2.3. Evaluation Methods
2.3.1. Conceptual Framework
There is no consistency on which aspects should be embraced to evaluate urban livability [7, 36]. Different criteria for and measurements have been proposed at different stages of economic development [11, 37]. For example, in 1961, the World Health Organization summarized the conditions for meeting the basic living requirements of human beings and proposed the ideal status of the living environment, namely, “safety, health, convenience, and amenity” [38, 39]. Similarly, the “China livable city science evaluation standard” was officially released in 2007 to guide the construction of livability. Its main contents include six aspects: social civilization, economic prosperity, beautiful environment, loadable resources, convenient life, and public security. The evaluation criteria of livable communities can refer to livable cities appropriately, since residential communities are the basic unit of urban-dwelling districts. Starting from the actual situation of the current urban residential communities in China, this paper proposes that a livable community should meet the following five conditions: security of residence, health of the environment, convenience of transportation, completeness of supporting facilities, and comfort of living [40–42]. Consequently, we choose objective evaluation indicators from these five dimensions and combine different groups’ subjective preferences to build a comprehensive evaluation framework for livability at the community level, as shown in Figure 2.
2.3.2. The Establishment of an Evaluation Indicator System
In the above five dimensions, safety is the primary criterion because it is the guarantee of residence. Safety means a good security situation, convenient emergency facilities such as fire, and refuge away from all kinds of dangerous facilities. Health follows, which implies that the residence is far away from air, water, noise, and other pollutions. Convenience is another important standard, whether for work or life. Good traffic conditions can minimize the commuting costs for daily work or other activities. Community surroundings should be equipped with education, health care, commercial services, leisure, and other facilities to meet various living needs. A livable community should also be comfortable. Pleasing greenery, an open view, and being close to beautiful natural scenery will significantly increase the comfort of living . We do not consider the natural environment when evaluating the livability of the community as natural suitability is homogeneous within small districts, such as inner spaces of cities or towns .
There are some principles to follow when constructing an evaluation indicator system. (1) The selected indicators should be as objective and complete as possible. (2) The lowest level indicators should be measurable and comparable to facilitate quantitative analysis. (3) The data required by the indicators is easily accessible [7, 38]. Based on the local characteristics of Ningbo and the availability of data, eighteen indicators are selected from five aspects: security of residence, health of the environment, convenience of transportation, completeness of supporting facilities, and comfort of living. Then, a comprehensive three-level evaluation indicator system on the livability of residential communities is established, as illustrated in Table 1 [44–46].

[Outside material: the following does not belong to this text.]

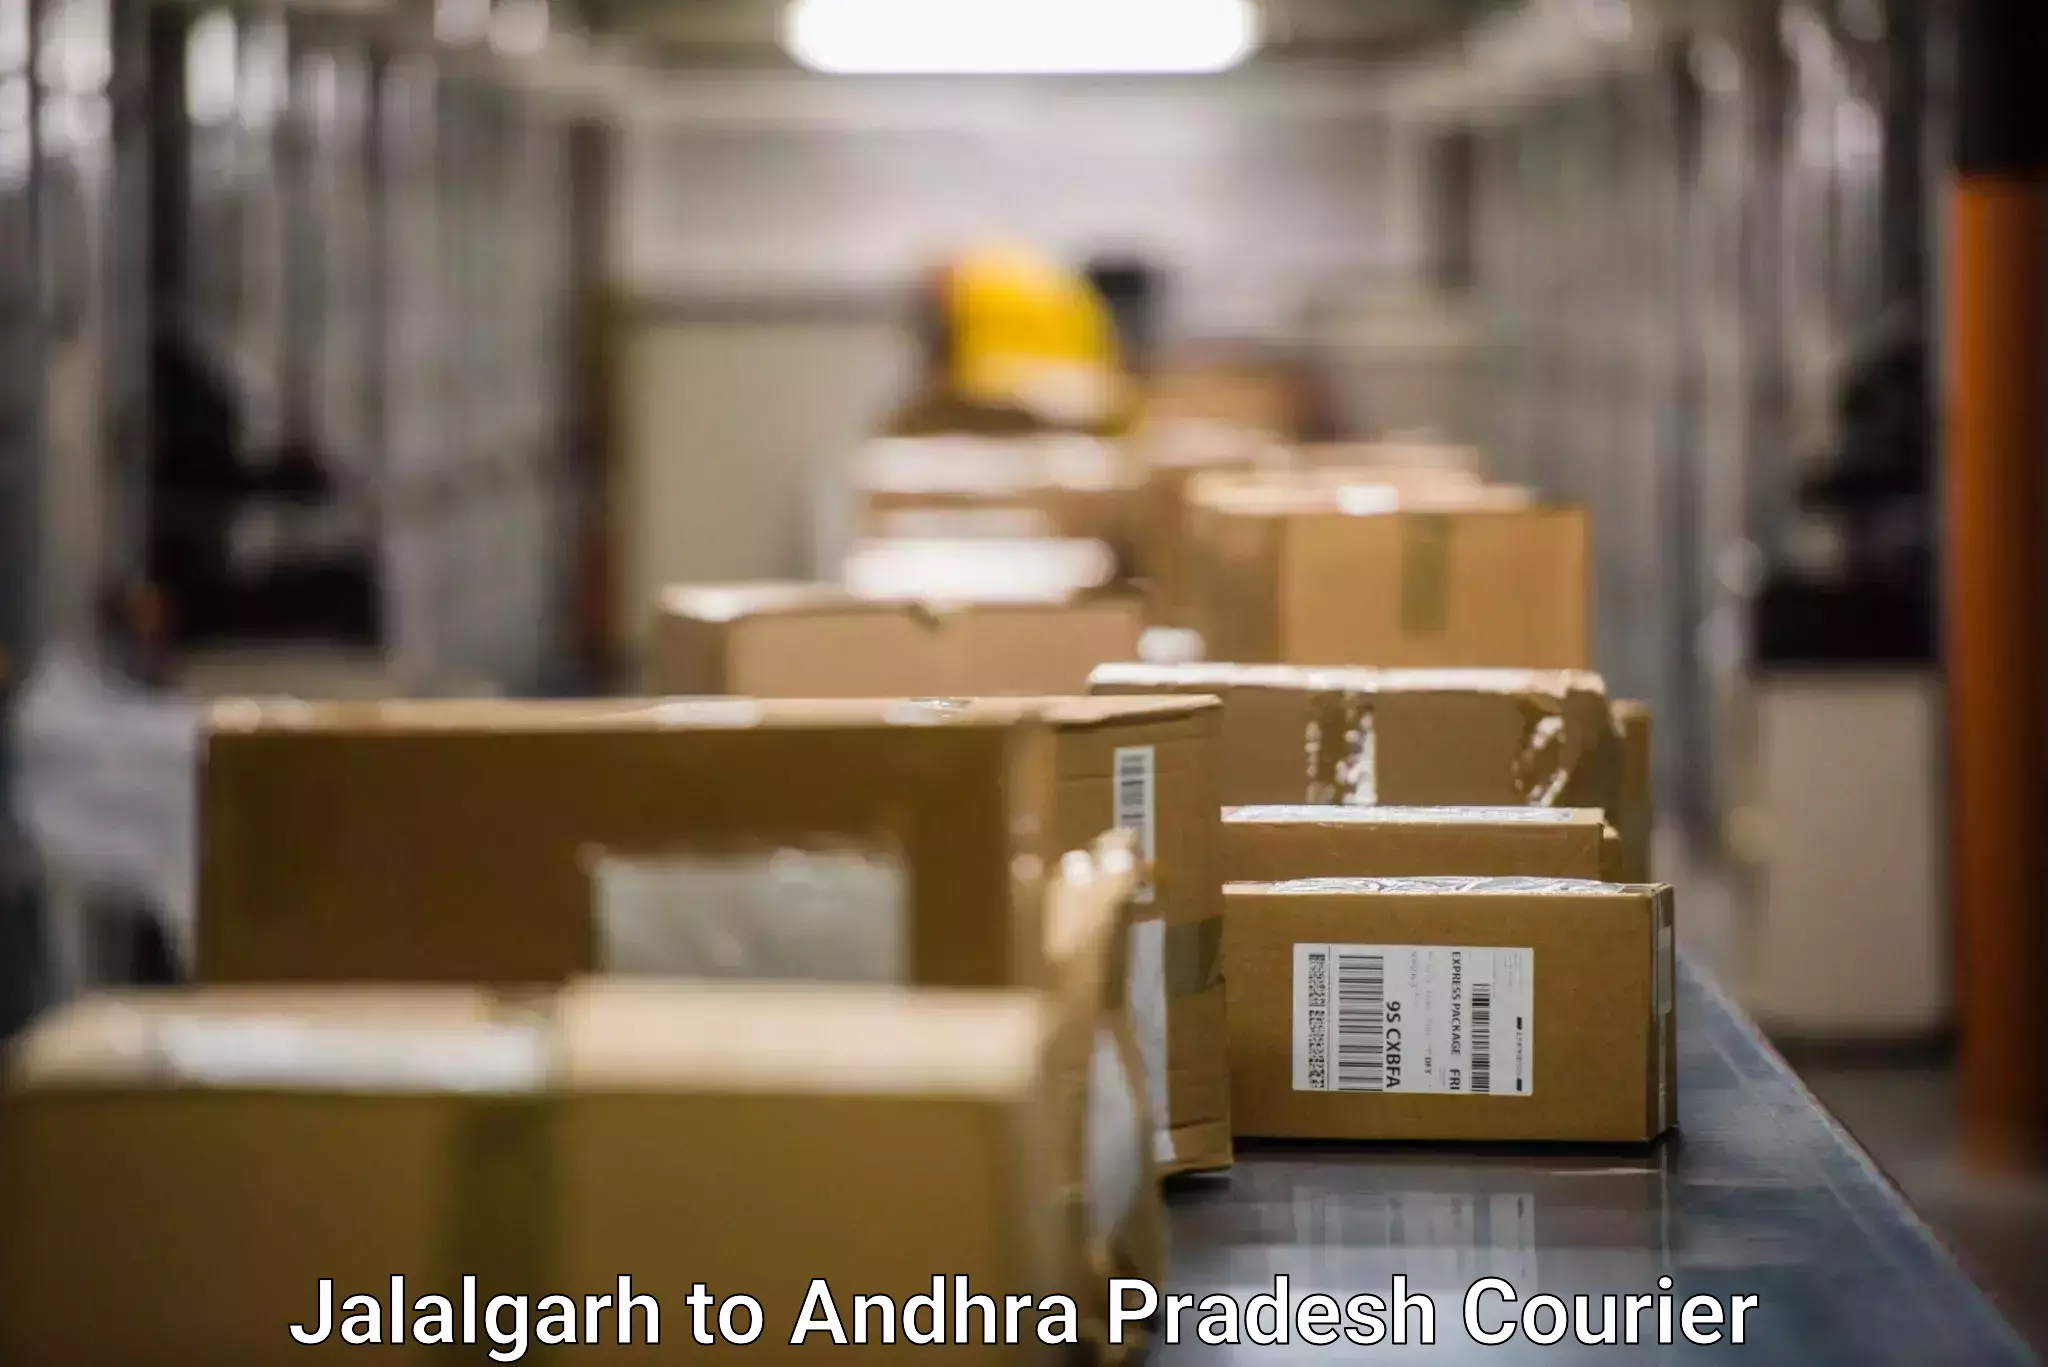 Personalized courier experiences Jalalgarh to Tripuranthakam

2.3.3. Quantification of Indicators
The third-level indicators in the evaluation system can be divided into two categories: the indicators based on statistical data (e.g., residential density, plot ratio, and air quality) and the indicators related to geospatial data (e.g., accessibility of educational facilities, accessibility of medical facilities, and accessibility of landscape). We introduce different quantification methods to quantify them. For the statistical indicators, we calculate the values according to their definition and then use a min–max normalization method to transform the indicator into a value between 0 and 100, which can eliminate the impact caused by different magnitudes and provide a basis for the subsequent integration of multiple indicators. Specifically, some data on environmental quality, such as air quality, water quality, and solid waste pollution, is obtained on the scale of the administrative district. The interpolation analysis is employed to obtain the value of each community on these indicators [16, 26]. Residential density is measured by the ratio of the households’ number to the area of a community. Per capita green areas and per household parking also use a similar method of calculating the ratio. The normalization formula is as follows:where is the normalized value for indicator X of community i, is its initial value, is the minimum of indicator X, and is the maximum.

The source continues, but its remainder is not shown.